Owners, Sullivan Capital LLC, purchased the property, located on 135 Main Street, in 2024. After a year or renovations, Garden Gables Inn is open for business.
"Garden Gables started off as one of the many Berkshire cottages, 1790 was the date on that, and it's always operated as an inn," said Hospitality Manager Yvonne Walton. "It's just a great gathering place and relaxation spot for people to come and get the feel of Lenox, and just slow down and enjoy the nature and the surrounding area...get culture and art and see some great concerts. I think it'll be a wonderful place, definitely does more of the upper-scale hospitality."
Owners Niko Giallouis and Eric Sullivan bought the property from the former owner. Sullivan had his eye on Lenox since attending a wedding almost 10 years ago.
"I came to a wedding in Lenox, probably six or seven years ago. Personally, just kind of fell in love with the area, and I guess that's kind of how it got on my radar. So you know from that perspective, as we got into the hotel business out towards an area, it was a place I was kind of monitoring and waiting for the right property to show up."
After purchasing the two underwent a full renovation, a project that cost around $1.5 million. The building, first built in 1780, required some TLC. Sullivan's wife, Jessica, who owns Jessica Sullivan Design, designed the inn.
Sullivan said they installed a new roof, repainted everything, renovated the bathrooms, installed new floors, a new HVAC system, and new plumbing.

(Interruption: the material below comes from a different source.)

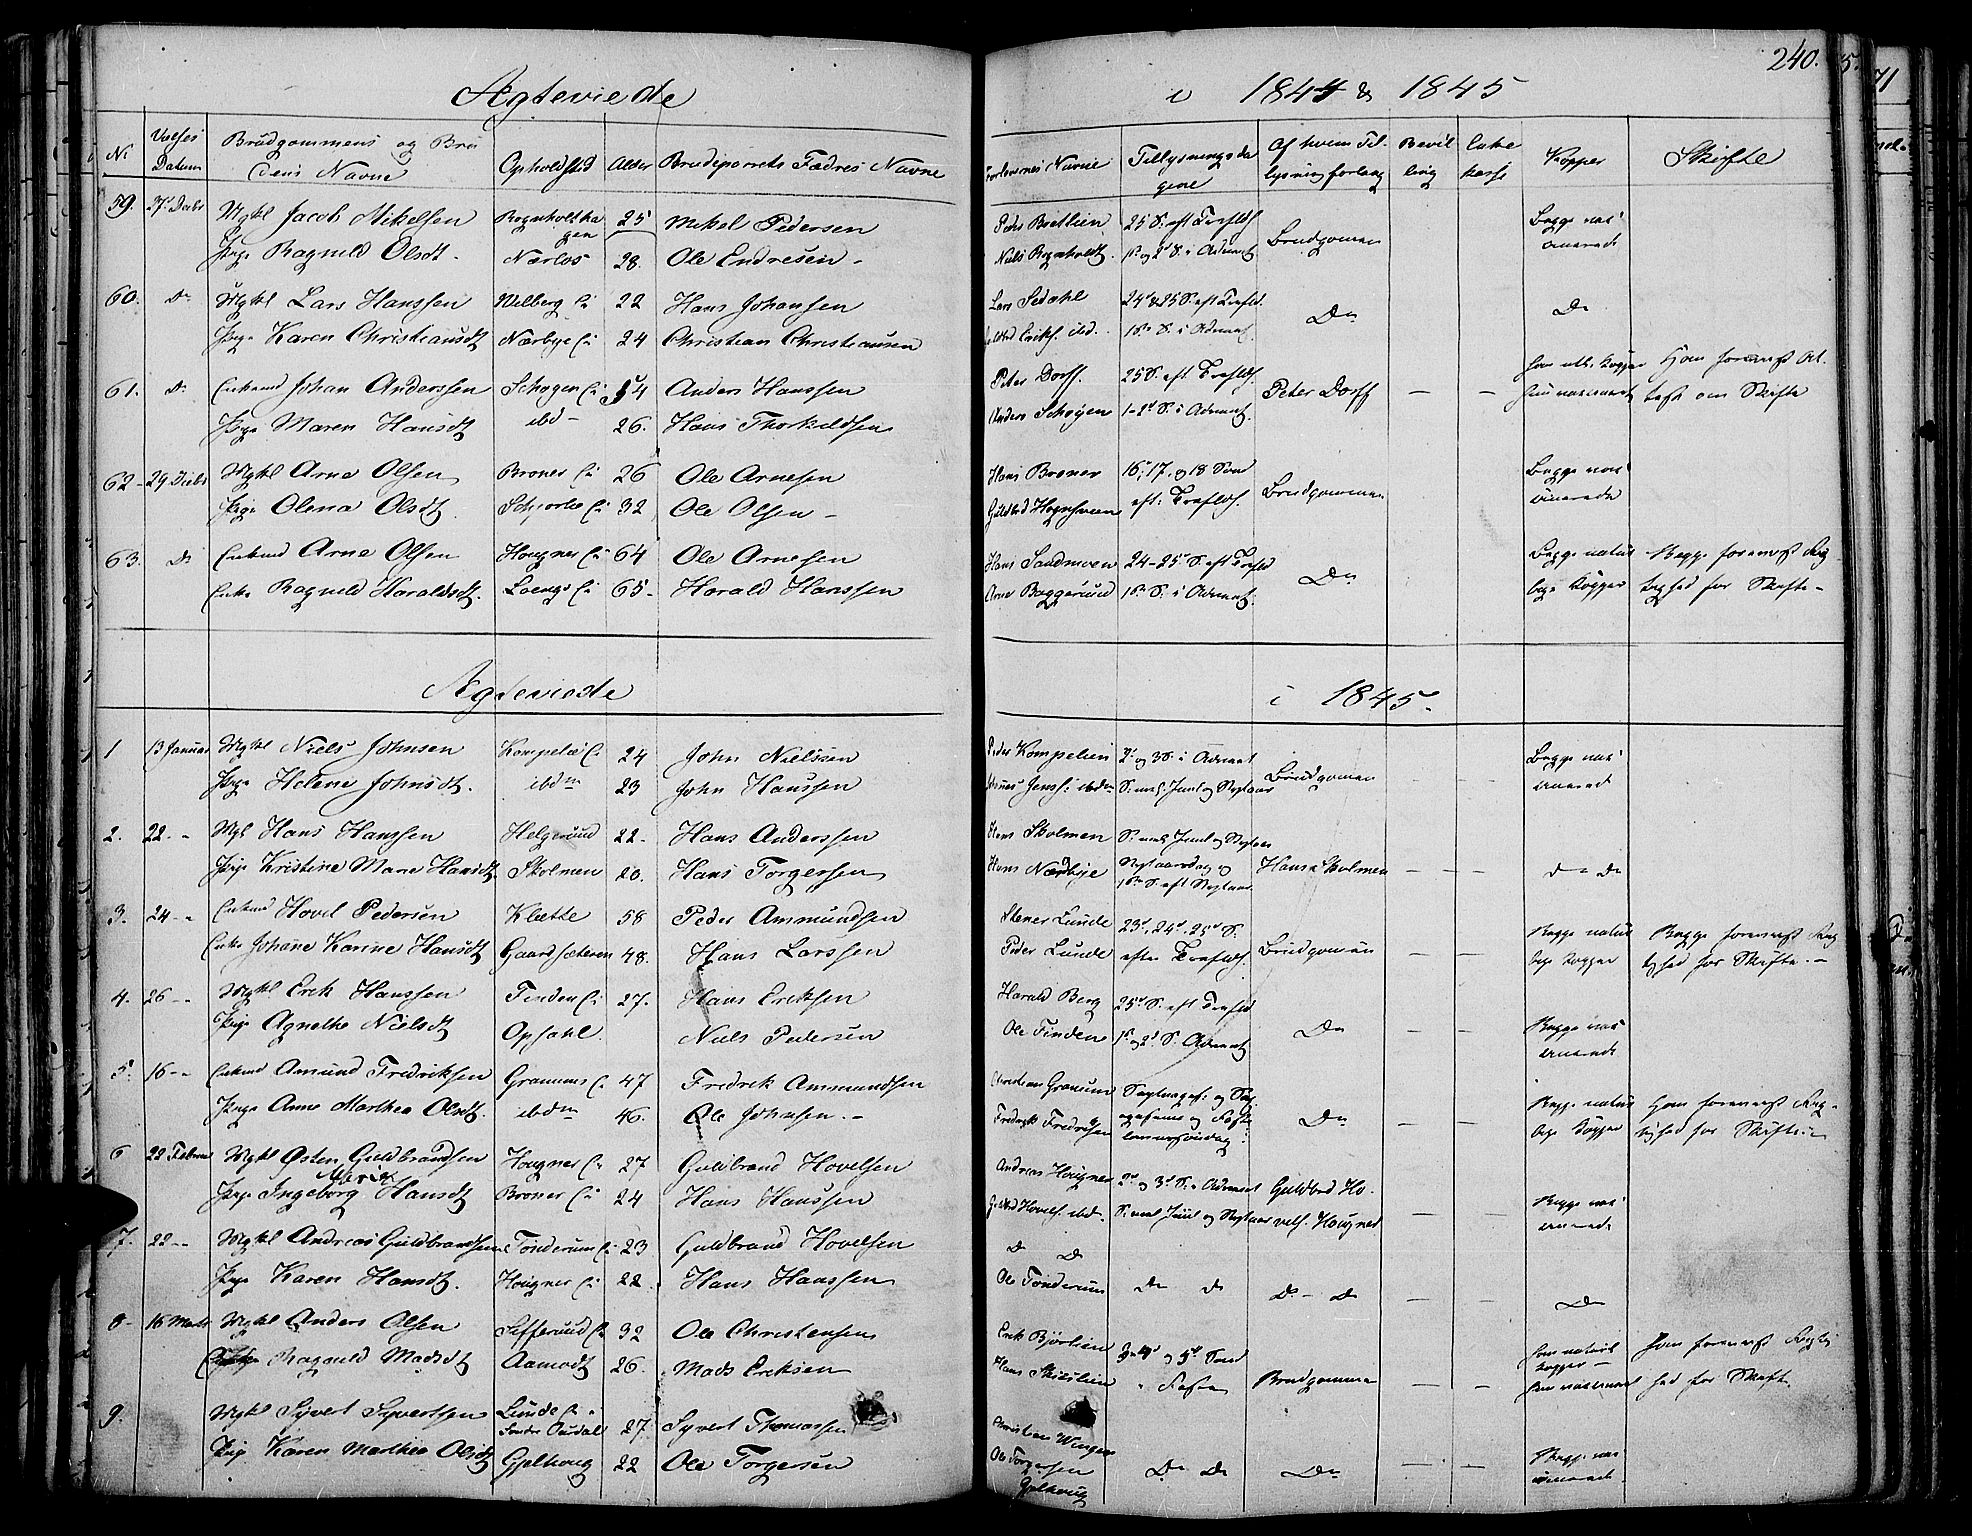 SAH, Land prestekontor, Ministerialbok nr. 8, 1830-1846, s. 240

"We really touched everything from the outside...I mean, all the aesthetics and layouts changed a bit," he said. "As I said, put about a million and a half into it. All new furniture, fixtures, everything. The design's completely different. It wasn't a full gut, but it was a heavy, heavy renovation."
The two like to collaborate with local businesses, and they make a point to direct visitors to local restaurants, businesses, and attractions.

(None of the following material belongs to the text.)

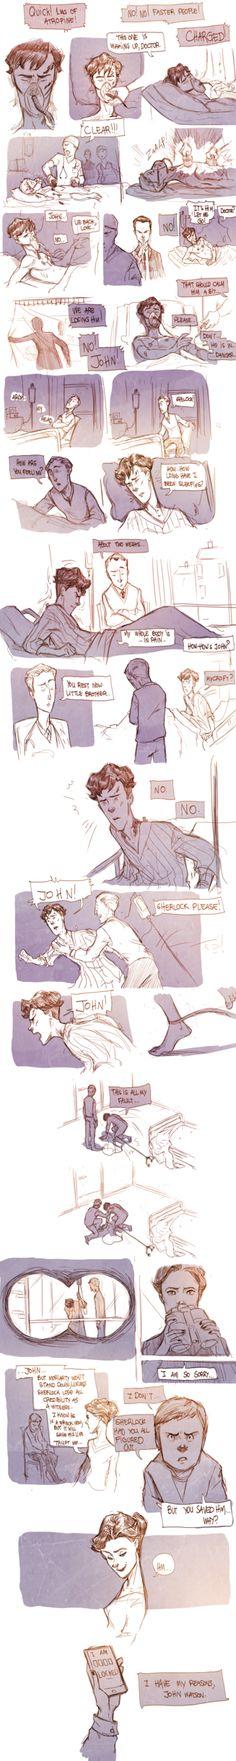 Teen Sherlock-Irene Pt5 by DrSlug on deviantART (this murders my soul)

"If guests are asking for recommendations, our customer service team, our guest services team, will relay that kind of information. Even if we can call and make a reservation for somebody, happy to do it," he said. "We aren't doing breakfast, but what we do is we have partnerships with a lot of the breakfast places downtown. We actually purchase a gift certificates for each person each day, so that they can use that to go downtown."
Sullivan hopes that guests don't see their inn as just a place to sleep and dump their bags, but make it an experience for anyone who stays.
"We really focus on kind of the experience side of things, so again, we want to give you the best experience you can have here...and we want that not just to be the place you put your bag and go do things. It's important to think of everything," he said.
Sullivan said partnerships are important to their business and are a way to connect with locals.
"The local partnerships, I can't stress that enough, because no matter how much and how great the room is, people are still going to want to go do other things," he said. "So, I think it just benefits everybody if we're all working together and so forth, and supporting the community, being neighborly too, because we are surrounded by residential homes...But we really try to put a lot of blood, sweat, and tears, a lot of love into the building, all the details, really care about the senses," Sullivan said.
The Inn's check-in and reservations are completely online. When guests arrive, all they have to do is check in online and receive their code that they will use to enter their room. Sullivan hopes this helps create less stress for guests and gets them to their room as fast as possible, especially after a long trip.